HEIGHT = 800                                                    # 2
WIDTH = 1200

image = np.zeros(shape=(HEIGHT, WIDTH))                         # 3

for i in range(WIDTH):                                          # 4
    for j in range(HEIGHT):
        x = (i/WIDTH)*x_lim[1] + (1-(i/WIDTH))*x_lim[0]         # 5
        y = (j/HEIGHT)*y_lim[1] + (1-(j/HEIGHT))*y_lim[0]
        if mand(x, y):                                          # 6
            image[j,i] = 1
            image[j,i] = 0

The final step is to simply plot the image so that we can see the results of our computation.

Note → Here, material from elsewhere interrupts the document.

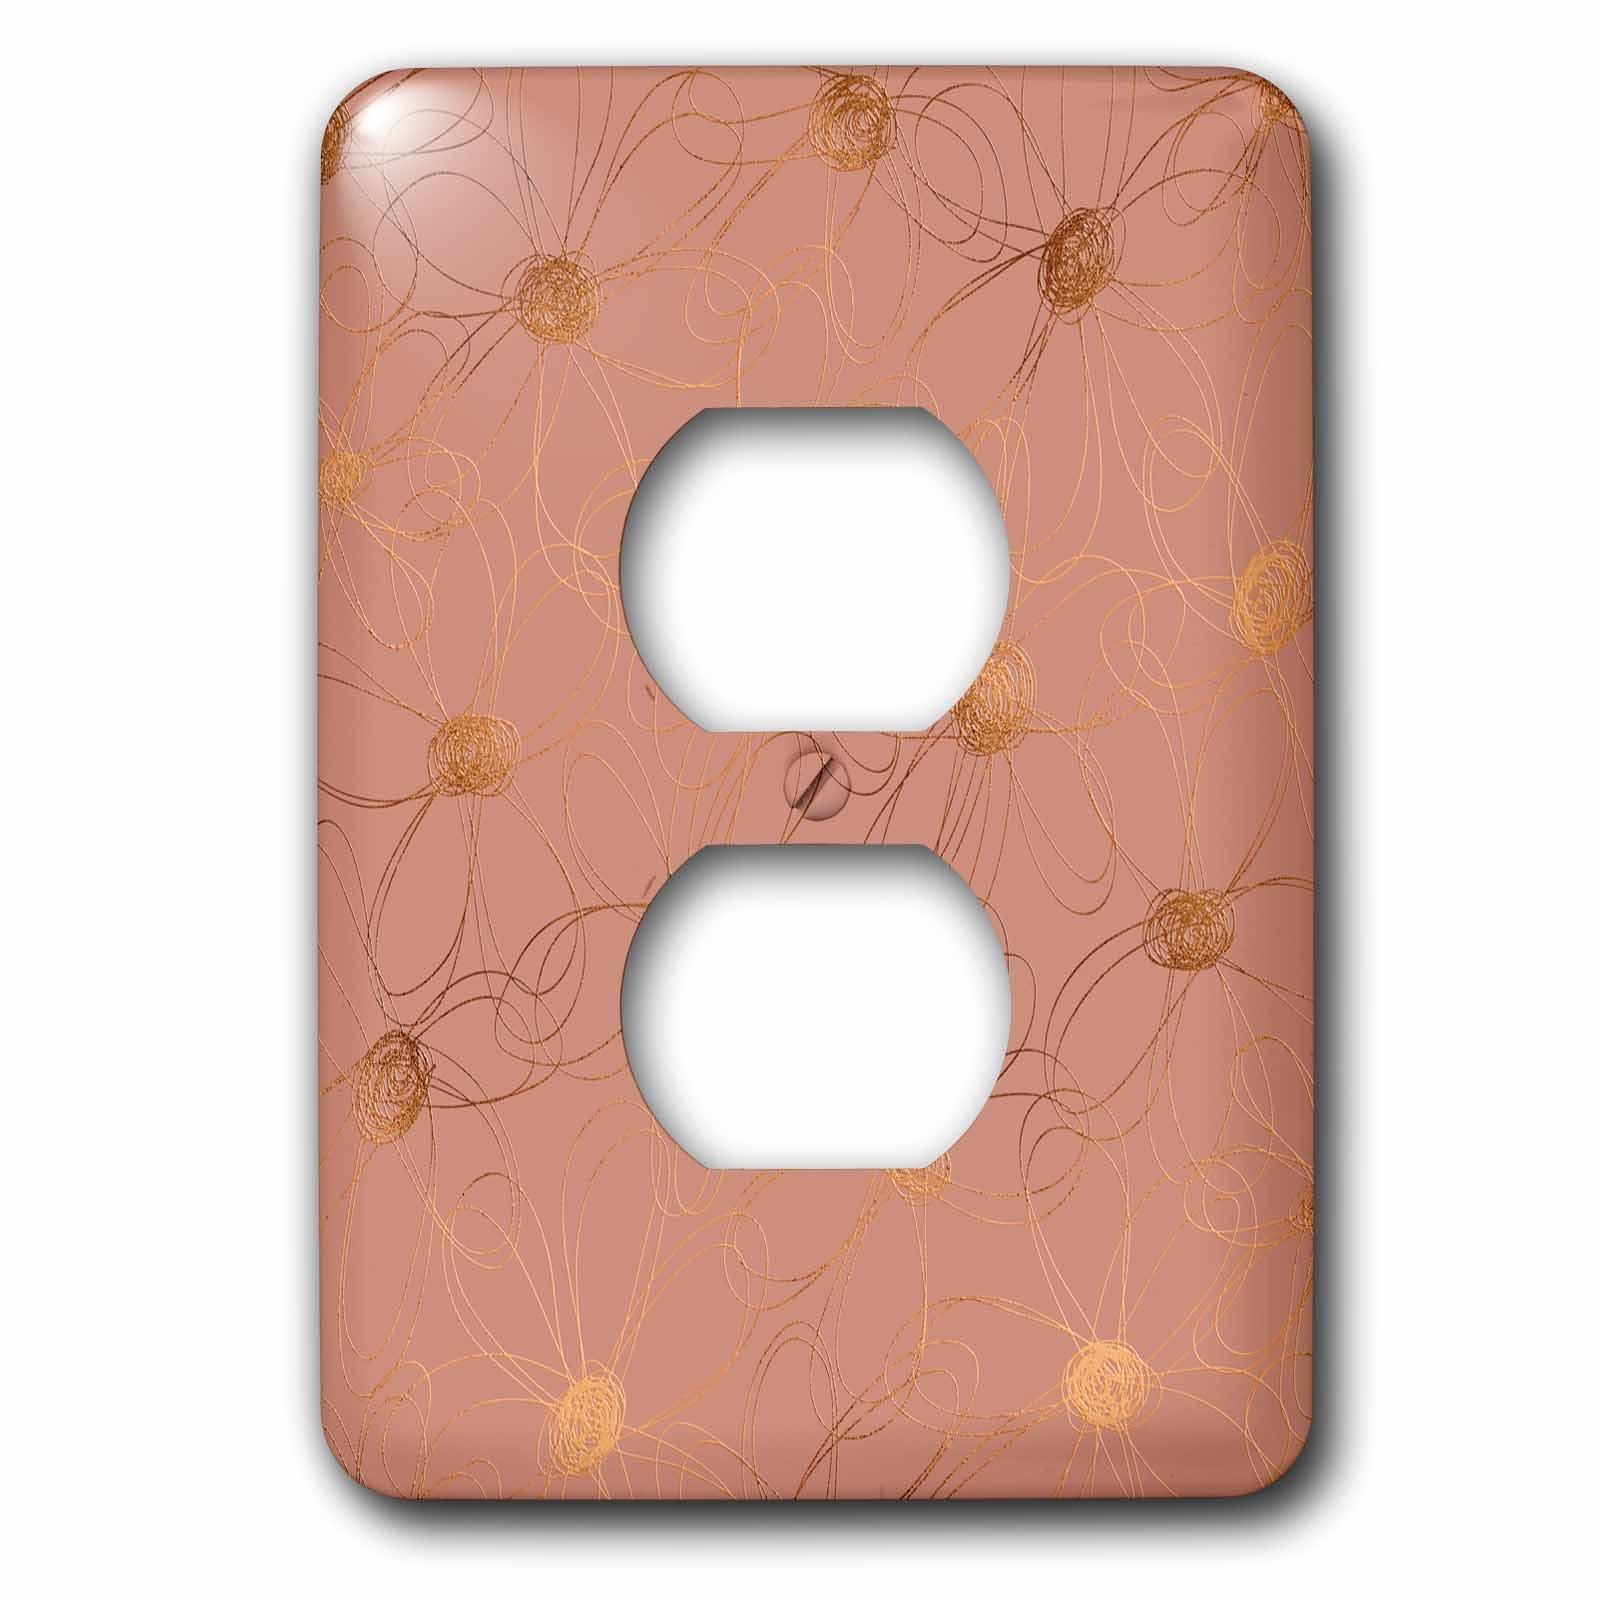 3dRose Uta Naumann Faux Glitter Pattern - Luxury Shiny Elegant Rose Gold Copper Damask Pattern - Light Switch Covers - 2 plug outlet cover (lsp_272881_6)

import matplotlib.pyplot as plt
plt.figure(figsize=(16, 12), dpi=80)
plt.imshow(image, cmap='Greys', vmin=0, vmax=1)


An image of the mandelbrot set in black and white.

And there it is! Our rendering of the mandelbrot set. We used a pretty simple method to determine the color of each pixel by whether it is in the set or not, but there are many other ways that you can color it.

We know that some points diverge to infinity and get arbitrarily large, but what about the other points? What do they do? When a point doesn't diverge to infinity, it actually converges to some set of values. Thats right, more than one value (sometimes)!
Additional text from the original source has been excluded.